Пещера в скалах близ Хоунеса служила одновременно и усыпальницей для рыбаков, и местом поклонения богу смерти Лаомедону. Котенар, по своему положению, имел ключ от этой гробницы. У Аспатрии, как у искательницы теней, такой ключ тоже имелся, ибо тела периодически выбрасываемых на берег утопленников нужно было где-то хранить.

— Море — вечно голодный зверь, мастер квестор. И потому в пропаже детишек обвинили его. Рыбаки попросили меня совершить погребальный обряд — так делается, когда кто-нибудь гибнет в пучине. Мы пошли в пещеру и обнаружили там окровавленный нож, тела детей и этот круг, начертанный нечестивой рукой. Я тут же послал нарочного к эдилу. Я слышал о нем много хорошего, хотя и не был с ним лично знаком. Мне и в голову не приходило кого-либо подозревать, граф сам натолкнул меня на мысль об Аспатрии. Узнав о моем поступке, он впал в ярость и прокричал, что я вечно лезу куда не надо, что он не позволит мне возводить напраслину на достойных людей. Тут-то я и смекнул, что дело нечисто, но у меня не было фактов, чтобы что-нибудь доказать.

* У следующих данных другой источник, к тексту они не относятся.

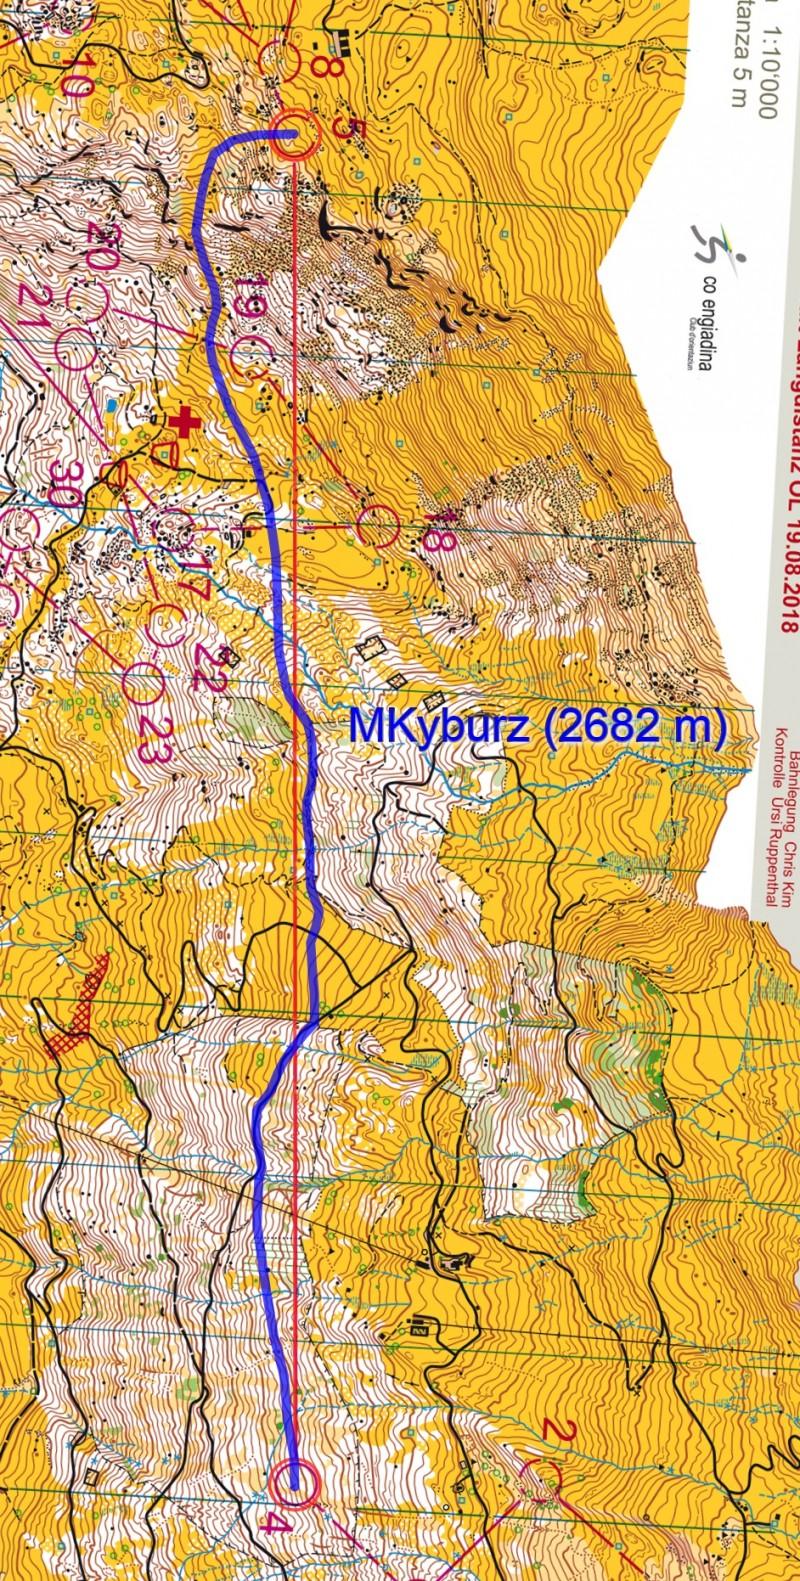 mkyburz

Грациан приехал в Хоунес и провел короткое расследование. Котенар не стал говорить ему о своих подозрениях, но эдил и сам очень быстро разобрался во всем. Ведьму арестовали. В тот же день солдаты Райса ворвались в дом Котенара и нашли там пергамент с чертежом пентаграммы и голубой мелок.

— Граф потребовал освободить ведьму, ибо найденное впрямую указывало на меня. Эдил Грациан — Мать Милосердная, упокой его душу! — думал иначе. Он ведь приехал в Хоунес по моему вызову, а разве добыча выводит охотника на собственный след? Разве не я обнаружил мертвых детишек? Убив бедняжек, повел ли бы я на место их гибели рыбаков? Эдил все это понимал, но не хотел оскорбить графа, и потому сказал, что увезет нас обоих. Граф взбеленился, но эдил ему не поддался, заявив, что решать, кто прав, кто виновен, будет ареопаг. Стражники привезли нас сюда и на долгие месяцы заточили вдали от света и жизни. Я молился, уповая на то, что справедливость восторжествует, и порукой тому был эдил Грациан. Но теперь он мертв, и надежда погибла. Рассчитывать уже не на что! Как мне, так и вам!

— Нет, — сказал Лайам. — Дела наши не очень-то хороши, но в отчаяние впадать рановато. Что сказал Райс, когда Грациан упомянул об ареопаге? Он ведь что-нибудь да сказал?

Котенар, повергнутый собственным монологом в бездну уныния, безразлично пожал плечами.

— Меня там не было. Я ничего об этом не знаю.